# car hire malaga airport



## blade13 (Feb 9, 2009)

hi

we are coming to malaga area in june could anyone recommend a car hire company please to collect from airport?

rod n sheila mason


----------



## jojo (Sep 20, 2007)

blade13 said:


> hi
> 
> we are coming to malaga area in june could anyone recommend a car hire company please to collect from airport?
> 
> rod n sheila mason



We always use "málagacar.com" who are based just around the corner from the airport, but do a pick up service from outside! They're really nice, helpful and efficient. But I dont know how competitive they are moneywise

Jo xx


----------



## Joppa (Sep 7, 2009)

jojo said:


> We always use "málagacar.com" who are based just around the corner from the airport, but do a pick up service from outside! They're really nice, helpful and efficient. But I dont know how competitive they are moneywise


I have had good experience with UK-based broker called Malaga Car Hire | Home (unconnected with JoJo's recommendation), who mainly place business with Niza cars, situated on the roundabout just outside the terminals. Just go to Niza car reps standing with a board as you emerge from customs, take their transfer bus and a car is waiting for you in their depot. Good thing is if you book through Malagacarhire, you agree your price in £, pay with £ cash and there are no extras to pay, such as insurance excess, and fuel is on full/full basis. I've found their price to be very competitive, and car return too was hassle-free, with a minimum of time looking over the car for scratches etc. I'd use them again. 
Your experience may vary of course, and my recommendation is no guarantee you won't hit a snag (which you can say about any car hire outlet). I've never used Malagacar.com, so can't comment, and I'm sure JoJo's experience is just as valid, perhaps more so as she lives in the area and has more experience with car hire.


----------



## morlandg (Jun 8, 2008)

Joppa said:


> I have had good experience with UK-based broker called Malaga Car Hire | Home (unconnected with JoJo's recommendation), who mainly place business with Niza cars, situated on the roundabout just outside the terminals. Just go to Niza car reps standing with a board as you emerge from customs, take their transfer bus and a car is waiting for you in their depot. Good thing is if you book through Malagacarhire, you agree your price in £, pay with £ cash and there are no extras to pay, such as insurance excess, and fuel is on full/full basis. I've found their price to be very competitive, and car return too was hassle-free, with a minimum of time looking over the car for scratches etc. I'd use them again.
> Your experience may vary of course, and my recommendation is no guarantee you won't hit a snag (which you can say about any car hire outlet). I've never used Malagacar.com, so can't comment, and I'm sure JoJo's experience is just as valid, perhaps more so as she lives in the area and has more experience with car hire.

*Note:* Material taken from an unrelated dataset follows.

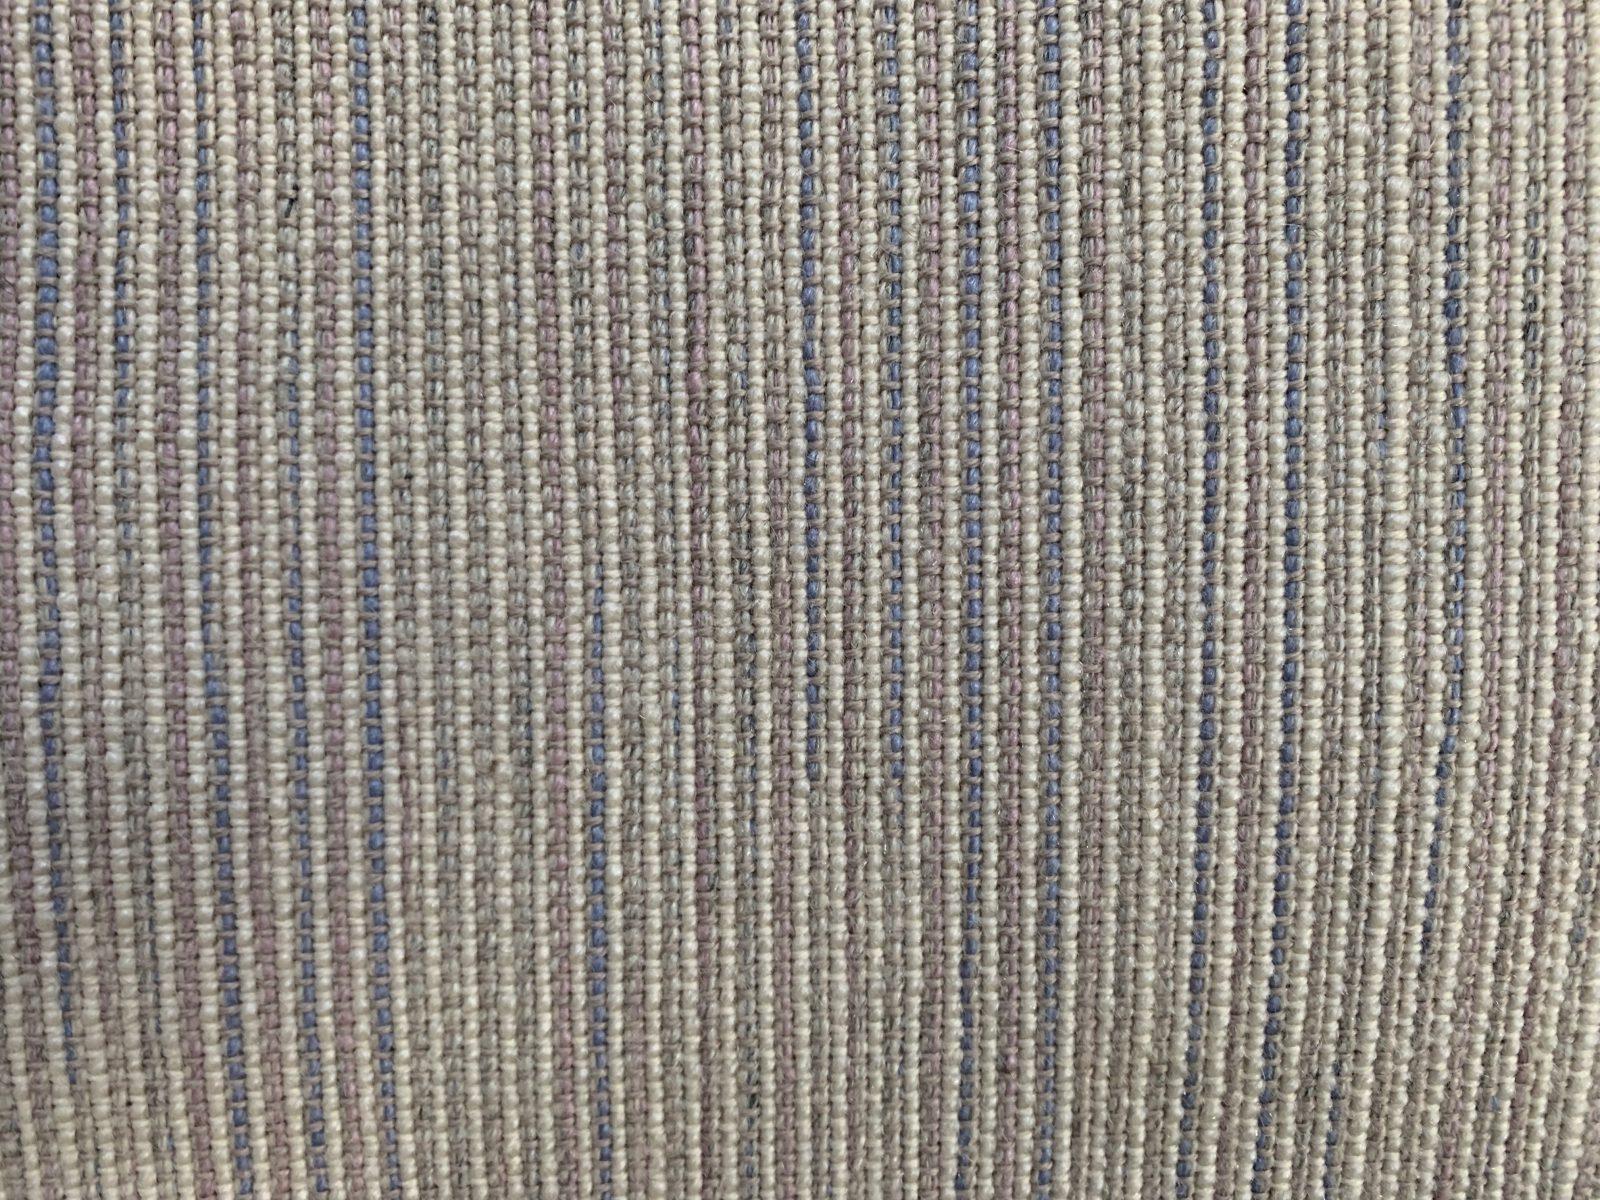 B&B Italia “Charles” L-Shape Sectional Sofa in Stripe Wool For Sale 7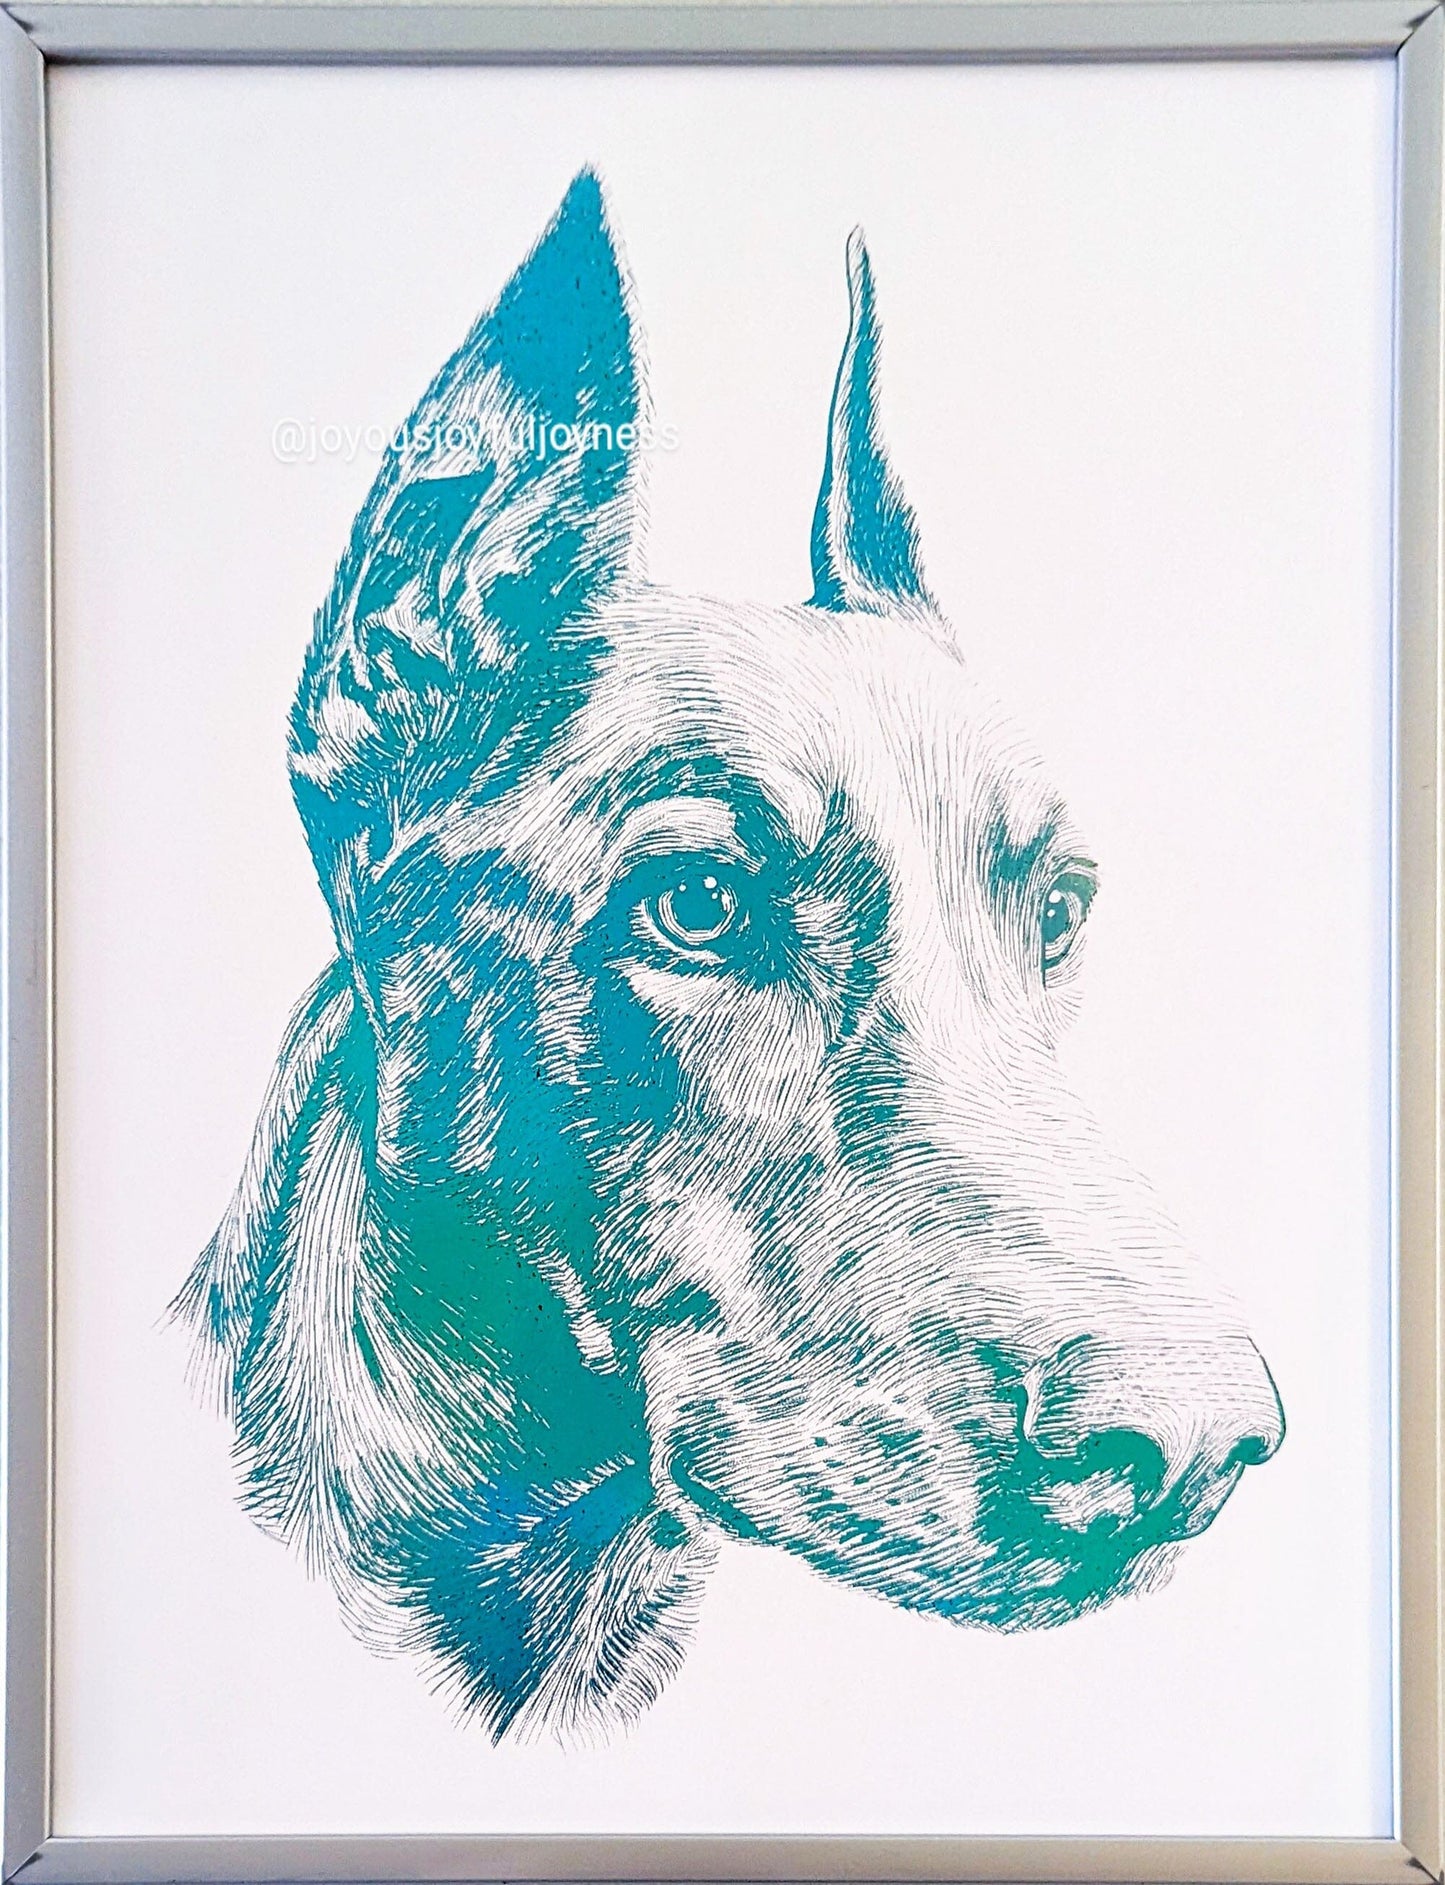 Handmade Dog Portraits Posters, Prints, & Visual Artwork JoyousJoyfulJoyness

I think you will find this company much cheaper:
economycarhire


----------



## thrax (Nov 13, 2008)

We tend to use Sixt and they are now based inside the airport. However, car hire is not cheap at the moment due to the economic climate meaning none of the companies have been able to obtain money to buy new fleets etc. One thing to look out for from any company is their petrol policy. Some will give you a full tank and charge you for it and tell you to bring it back as close to empty as you can. Others will give you a full tank, not charge you for it but ask that you return the car with a full tank. I have heard of some poeple being charged well over the correct petrol price when they return the car not quite full. We prefer the Sixt method since we rarely travel far enough to have to fill up at all, and when we do we can usually judge how much we will need. It's a personal preference of course but I have often heard folk arguing at the car collection desk when they get the system they didn't want. Best to check in advance.


----------



## morlandg (Jun 8, 2008)

As I said - have a look!


----------



## thrax (Nov 13, 2008)

morlandg said:


> As I said - have a look!


I had a look and they seem very good!!! I may be over in early Feb so I'll give them a go and let folk on here know how they are but their quotes are very competitive. Anybody else know about them?


----------



## Joppa (Sep 7, 2009)

Economycarhire is a broker and cars may be supplied by any number of companies, but normally they use local firms like Crown. So the service you get depends on the supplier, and the contract you sign is also with them, which may differ from the general T&C of Economycarhire. I've heard about people who thought they had excess-free insurance, only to be made to pay a substantial excess for a damage (at fault), and when they complained, the supplier simply pointed to their hire conditions agreed to. During the height of summer, when Málaga and much of Southern Spain suffered from acute hire car shortage, there have been people who'd booked months ago not getting a car, or had to pay more than they thought the'd agreed. Those who'd booked direct appeared to be treated better than those who'd used a broker, but this wasn't apparently the case each time. 
It just shows low price isn't everything; relliability and customer care matter too.


----------